→ What is expected: Only one stretch of the data below is needed. Output the lines from the one with "HD Hot Fire Png Photo." up to and including the one with "Набор инструментов Atrox", exactly as they stand.

→ Given records:
►

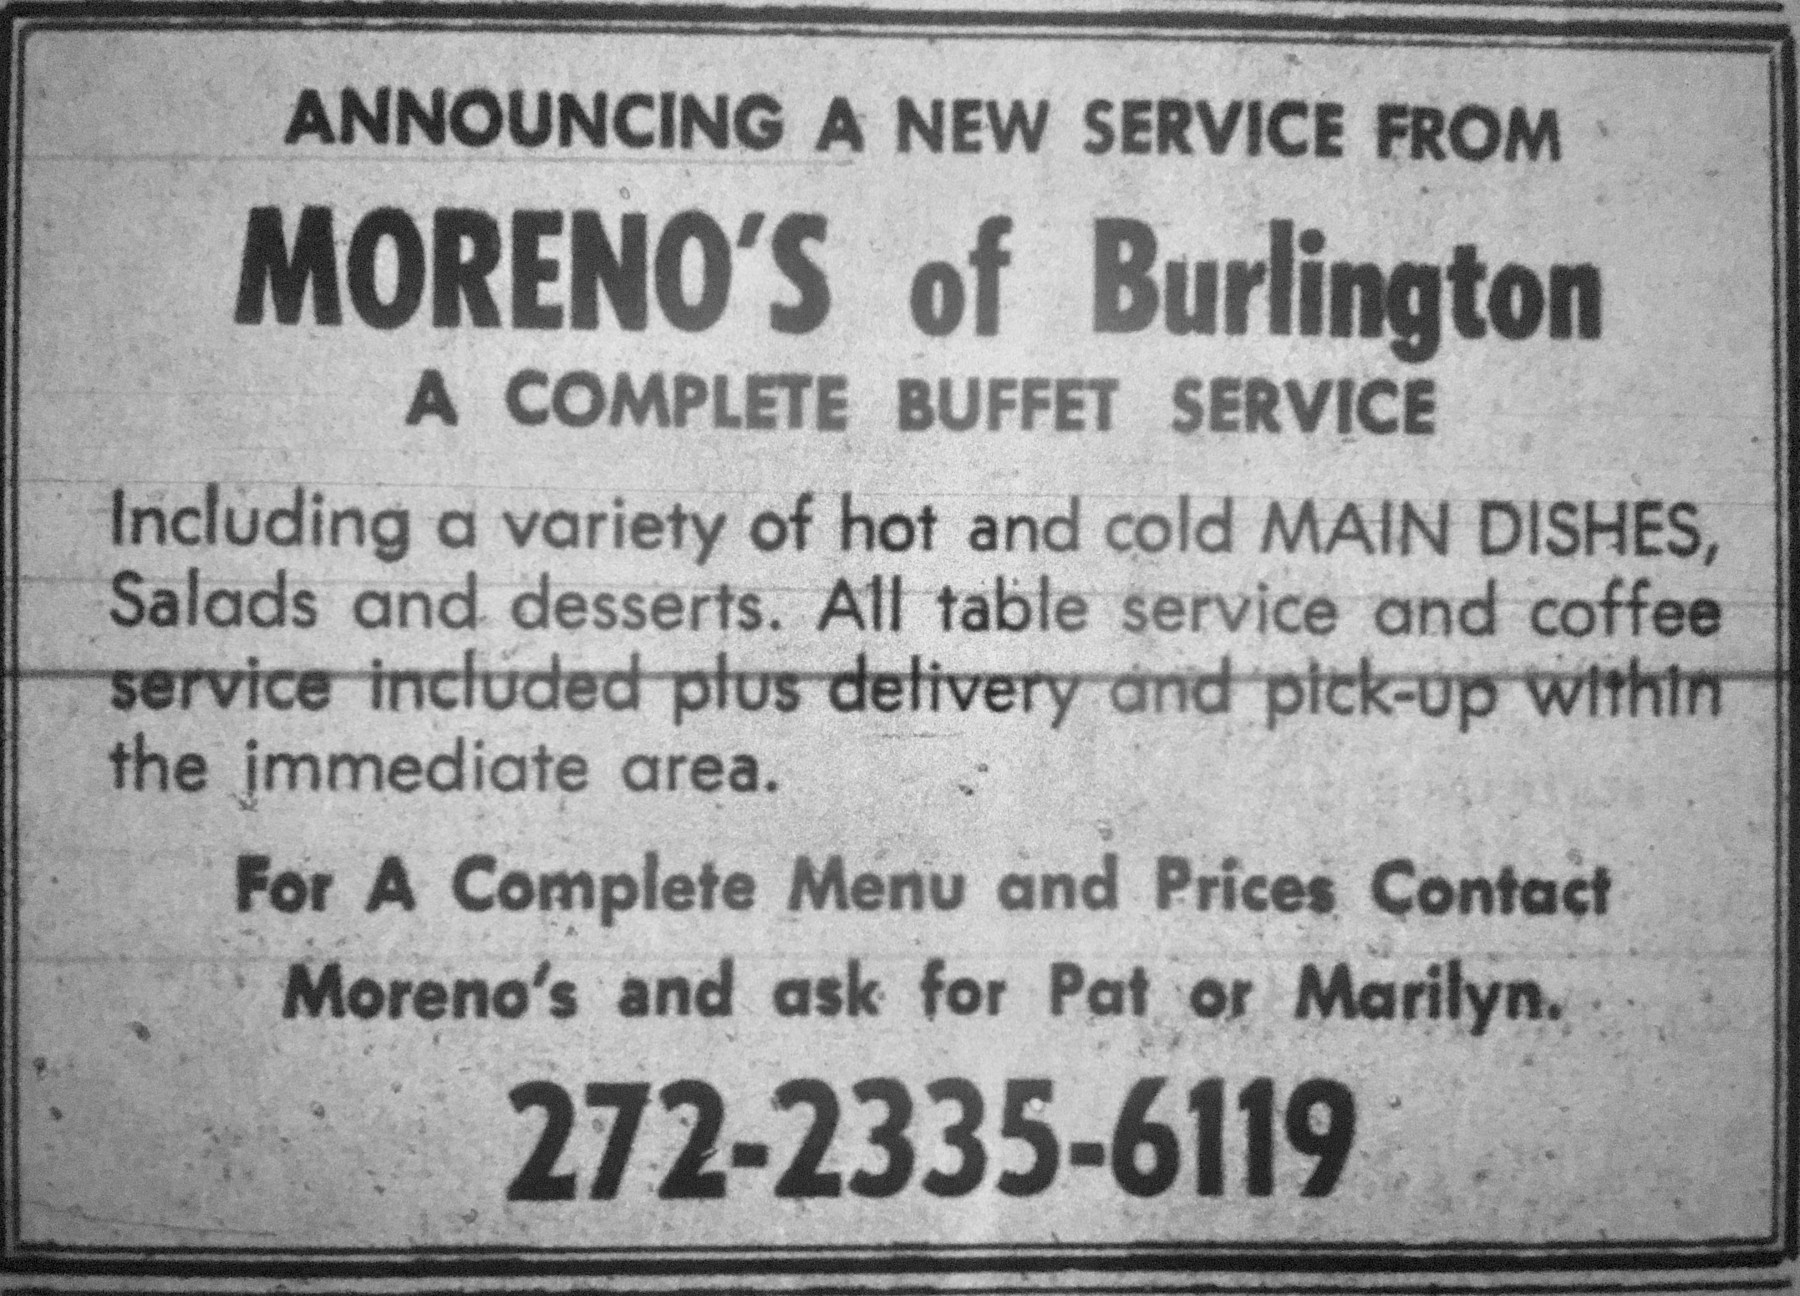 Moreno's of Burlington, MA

◄
►

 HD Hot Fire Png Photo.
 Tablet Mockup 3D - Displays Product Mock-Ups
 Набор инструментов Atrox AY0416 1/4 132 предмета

◄

→ Answer area:
 HD Hot Fire Png Photo.
 Tablet Mockup 3D - Displays Product Mock-Ups
 Набор инструментов Atrox AY0416 1/4 132 предмета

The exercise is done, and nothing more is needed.